27 October 2007

La Pucelle


Joan of Arc miniature, ~1450-1500, author unknown

Dijon has the unfortunate fate of being home to the man responsible for turning St. Joan of Arc over to the English to burn at the stake.

It is said that in 1519, a Carthusian monk showed an acquaintance the fractured skull of John the Fearless, the murdered duke of Burgundy, and remarked, “This is the hole through which the English entered France.”

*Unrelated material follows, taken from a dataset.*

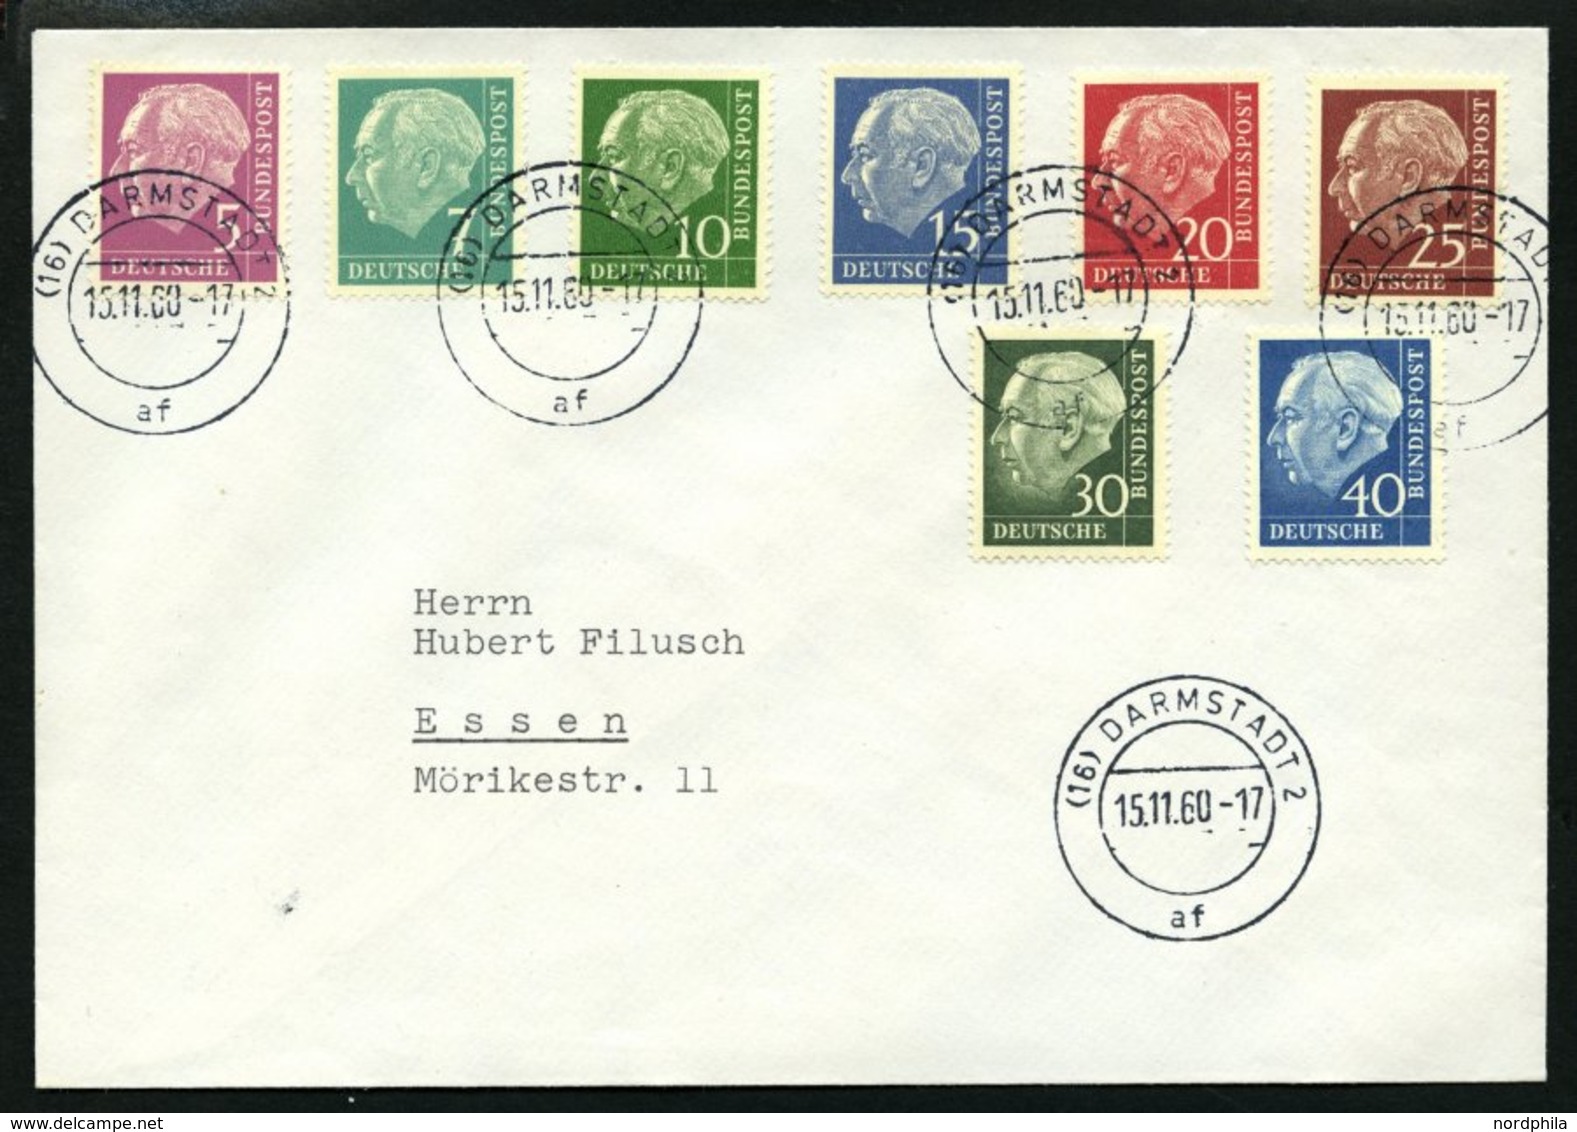 BUNDESREPUBLIK 179-260y BRIEF, 1960, Heuss Lumogen, Prachtsatz Auf Umschlag Mit Stempeln DARMSTADT 2af, Mi. (450.-) - Used Stamps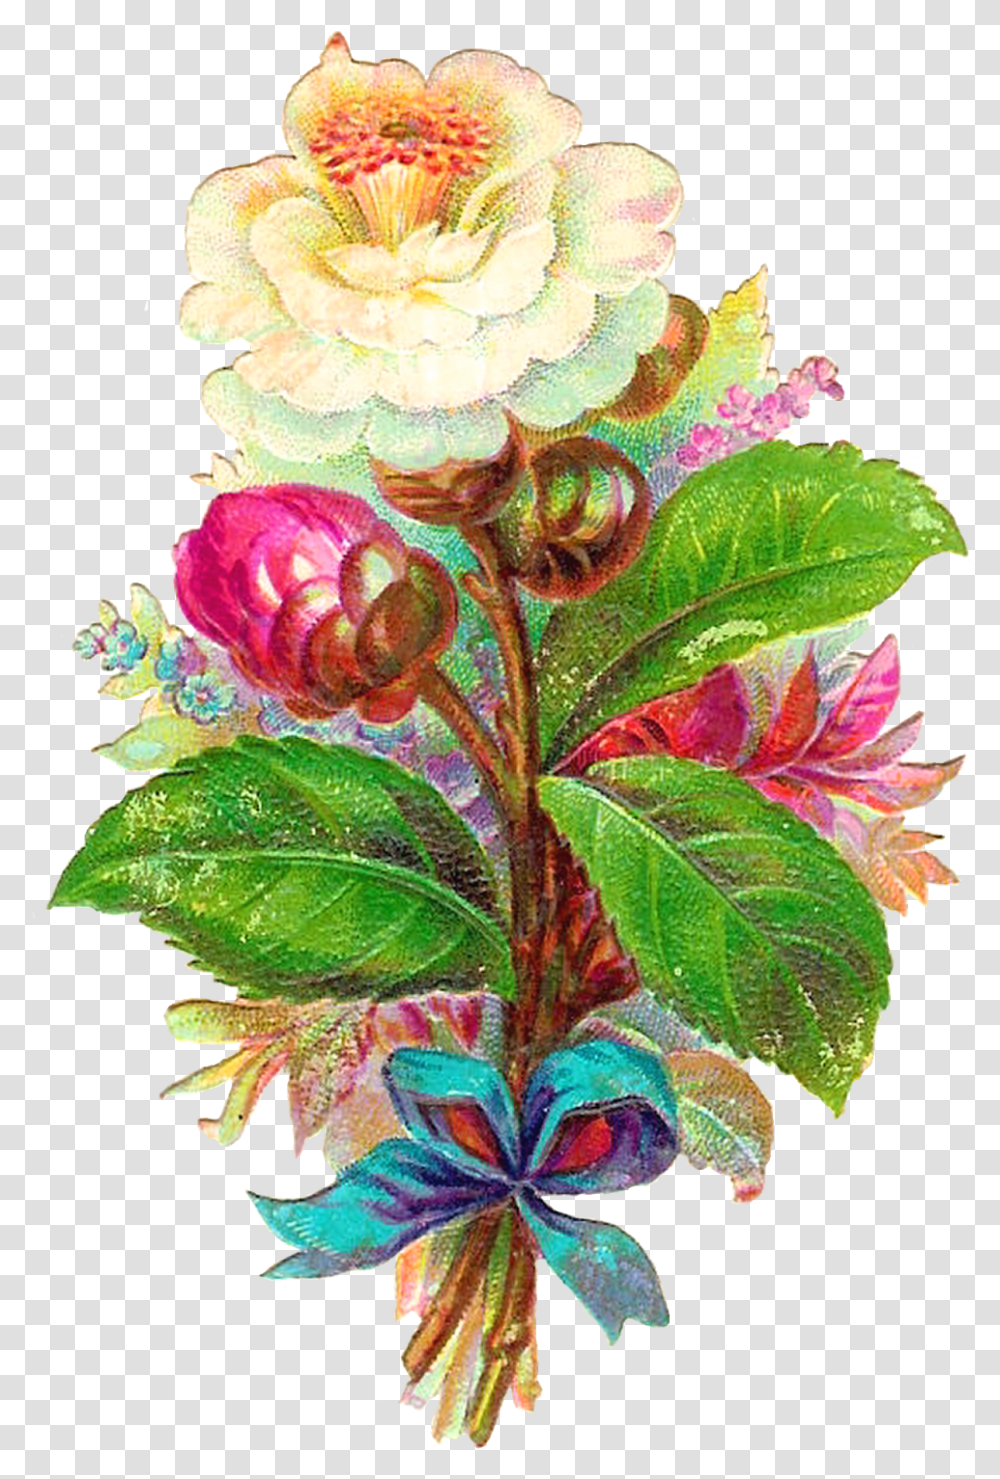 Antique Images Digital Flower White Camellia Vintage Clip Art, Plant, Geranium, Flower Arrangement, Flower Bouquet Transparent Png

He was referring to the third phase of the Hundred Years War of a century earlier, during which Henry V captured and occupied Paris and all of northern France (begun, of course, by the Battle of Agincourt, the king’s speech romanticized and immortalized by Shakespeare:

And gentlemen in England now-a-bed
Shall think themselves accurs'd they were not here,
And hold their manhoods cheap whiles any speaks
That fought with us upon Saint Crispin's day.
).

It was through the help of Philip the Good, considered one of “the four great dukes of Burgundy”, and resident of Dijon, that England was able to secure victory over Paris and all of northern France. (Why Phillip is considered good or great is beyond me.) John the Fearless had been his father. The Armagnacs, the royal family that ruled northern France, had murdered John as revenge for his murder of Louis of Orleans. Philip, in turn, avenged his father’s death by allying himself with the English and helping them obtain victory over France.